Short noncontrast magnetic resonance imaging (MRI) may offer a better approach to population-based prostate cancer (PCa) screening compared with PSA testing alone or ultrasonography, recent study findings suggest.
Using a validated 5-point scale of suspicion, with higher scores indicating a greater likelihood of clinically significant cancer, investigators found that prostate MRI using a score of 4 or 5 to define a positive test result compared with PSA levels of 3 ng/mL or higher alone was associated with more men diagnosed with clinically significant PCa without increasing the number of men advised to undergo prostate biopsy or overdiagnosed with clinically insignificant cancer.

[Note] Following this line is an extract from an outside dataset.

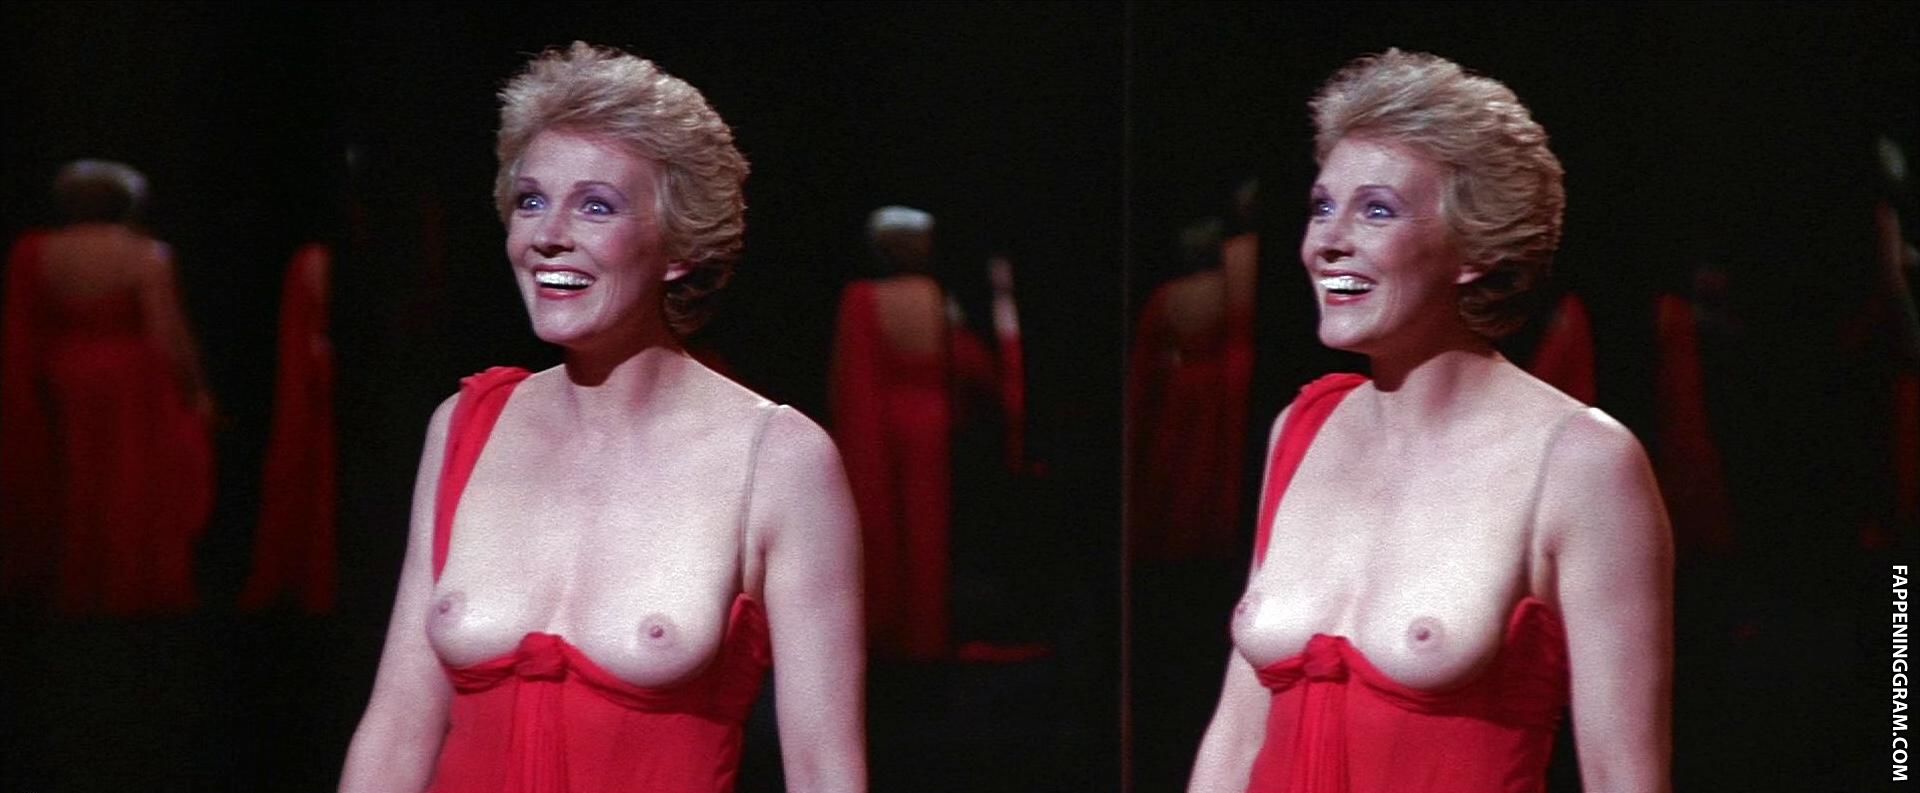 Julie Andrews Nude The Fappening - FappeningGram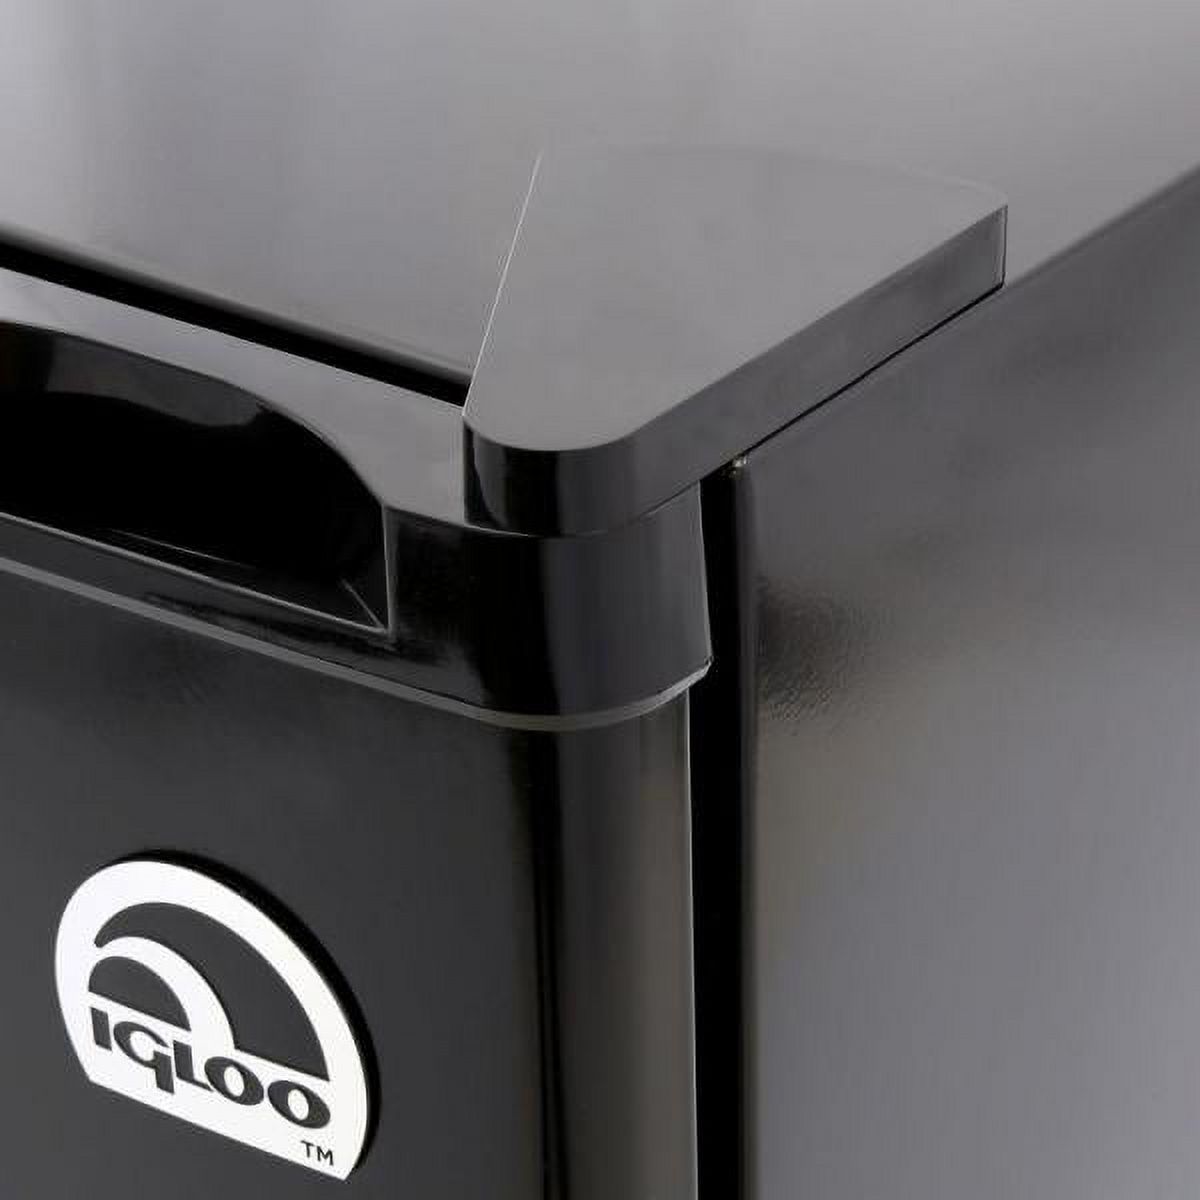 IGLOO 3.2 cu. ft. Mini Refrigerator in Black-FR320-BLACK - image 4 of 7

The investigators found no evidence that ultrasonography would have performed better than PSA testing alone.
“The findings of this study indicated that an MRI score of 4 or 5 may provide a better balance between the potential benefits and harms of screening,” David Eldred-Evans, MBBS, of Imperial College London in London, UK, and colleagues wrote in JAMA Oncology.
The study included 408 men recruited at 7 primary care practices and 2 imaging centers in the United Kingdom and who consented to undergo screening with noncontrast biparametric MRI (with an acquisition time of approximately 15 minutes), ultrasonography, and PSA testing. The investigators considered an MRI or ultrasonography score of 3 to 5 and a PSA level of 3 ng/mL or higher to be positive test results. A systematic 12-core prostate biopsy was performed on men with a positive result on any test. The investigators defined clinically significant PCa as Gleason score 3+4 or higher disease.
The proportion of men with positive MRI results was significantly higher than the proportion with positive PSA test results (17.7% vs 9.9%). The proportion with positive ultrasonography results was also significantly higher than proportion of those with positive PSA test results (23.7% vs 9.9%).
Using a threshold score of 4 to 5, the proportion of men with positive MRI results (10.6%) was similar to the proportion with positive PSA test results (9.9%), as was the proportion with positive ultrasonography results (12.8%), Dr Eldred-Evans’ group reported.
Positive PSA test results detected 7 clinically significant cancers, whereas a positive result on MRI and ultrasonography (score 3 to 5) detected 14 and 9 clinically significant cancers, respectively. Using a score of 4 to 5 as the threshold for a positive result, MRI and ultrasonography detected 11 and 4 clinically significant cancers, respectively.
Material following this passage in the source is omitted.